How to get a good deal when buying a car

Updated: Aug 12

So, your beat-up little car is on its way out - we feel for you.


We’re probably all familiar with the many MOT and service receipts that come with keeping an old car running. That’s when you know it’s time to cut your losses and look into getting a new motor.

While buying a new car will undoubtedly leave a huge dent in your savings pot, sometimes, it’s the best thing to do.

Because it’s a pretty hefty buy, getting a new car can be a little confusing. Between the various finance options, modifications, insurance and tax, there’s a lot to wrap your head around. On top of all that, how do you actually negotiate a good deal on a car?



Do your research thoroughly


Of course, most of us will have a car in mind before we start looking. However, don’t be fooled by shiny new models or brands. Ultimately, you need to break it all down into exactly what it is you need.

If you live in a city you might want something small and eco-friendly. If you live in the country, you might need something with a bigger engine and boot capacity. Either way, knowing the specs of a car before you start looking will help you to massively narrow down your potential options.


You also need to have a rough understanding of price. Say you’ve seen a car online that you like the look of. Get yourself on other car selling websites and see what the average rate is for that vehicle based on its age and mileage. That way, you’ll know when you’re getting a good price.



Be prepared to haggle on price


A lot of people are too worried to actually haggle on the price of a car.


We’re telling you now if you don’t haggle, you could be paying potentially more than the car is actually worth.


If you’re negotiating with a private buyer, you’re less likely to have as much wiggle room on price. Plus, trying to get Karen from 15 miles away to come down on price is going to be a tough battle. If you’re getting your car, either new or used, from a dealership – that’s where you’re in luck.


Of course, any car salesperson will be trying to get as much out of you as possible. So, it’s important to hold your ground. Go in with a price in mind that you’re willing to pay for a car and stick to it. Don’t let them razzle-dazzle you with numbers which seem like a good offer.


More often than not, you’ll be able to get them down on price by a couple of grand, especially if you’re part-exchanging your old car.



Keep your cards close to your chest


Car salespeople nowadays are far less like the stereotype than you might think. While perfectly pleasant and oftentimes friendly, you may feel more inclined to let your guard down. This is where you could trip up.


There’s no need to be a dick, just play it cool and remember your price point and your ideal specs.



Ask for a few extra perks


Don’t think the game stops being played once you’ve agreed on a price.

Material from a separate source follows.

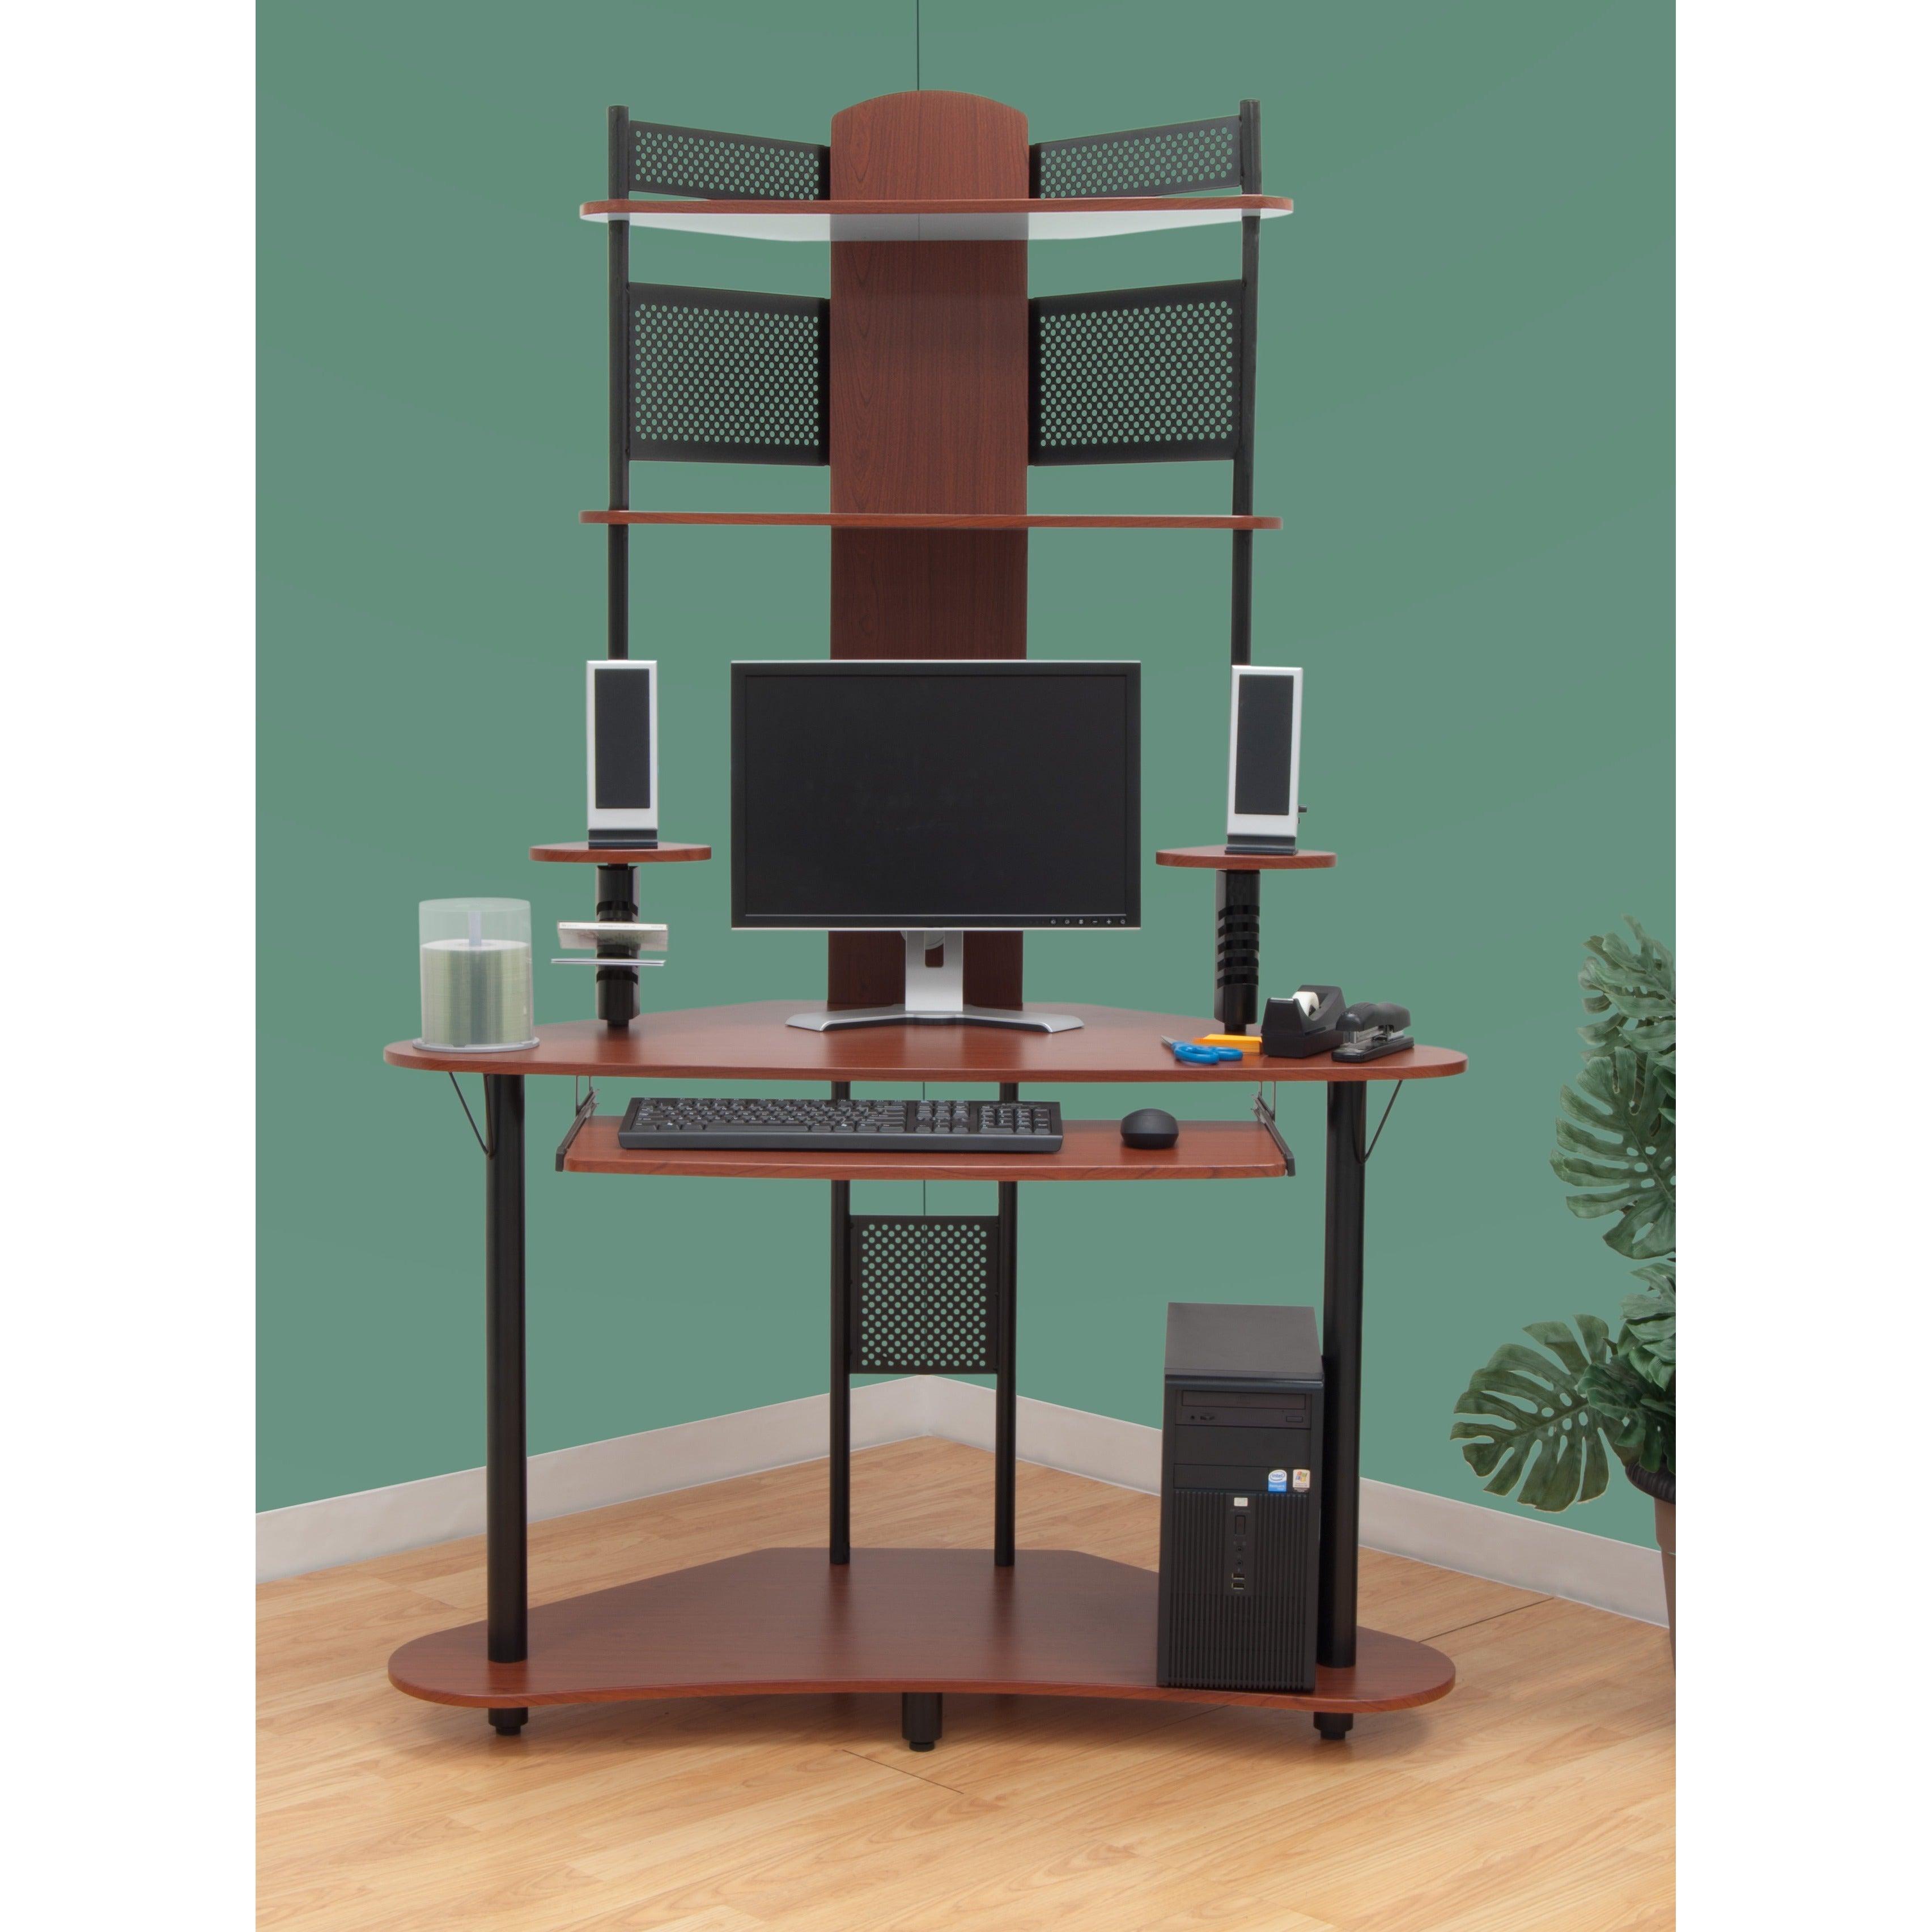 Calico Designs Arch Corner Computer Desk With Hutch Tower

There are still a few more options you can squeeze out of the deal. For example, ask for a full valet before you pick it up. You can also ask for car mats if the car doesn’t already have them.


Most dealerships will be willing to fill up the car with either a full tank of fuel (if they are generous) or at least halfway. This is such a good little bonus as it means you can drive your car away from the court and not need to fill it up straight away.



Check out the car’s history before signing on the dotted line


This is especially important when buying second-hand. Make sure that you’ve looked into the history of the car including its previous owners, any modifications as well as if it’s had a recent MOT and has been taxed.

There isn’t anything worse than buying a car only to find out its MOT and service are due the next month. It’s just extra money you shouldn’t have to fork out.


Getting a new car is a big change in your lifestyle. It can even help you to save money in the long run, particularly if you spend a lot of time commuting or driving around in general. Our top tip is to never be afraid of playing the game. The worst thing that can happen is someone says ‘no’. If you don’t ask, you don’t get. Good luck!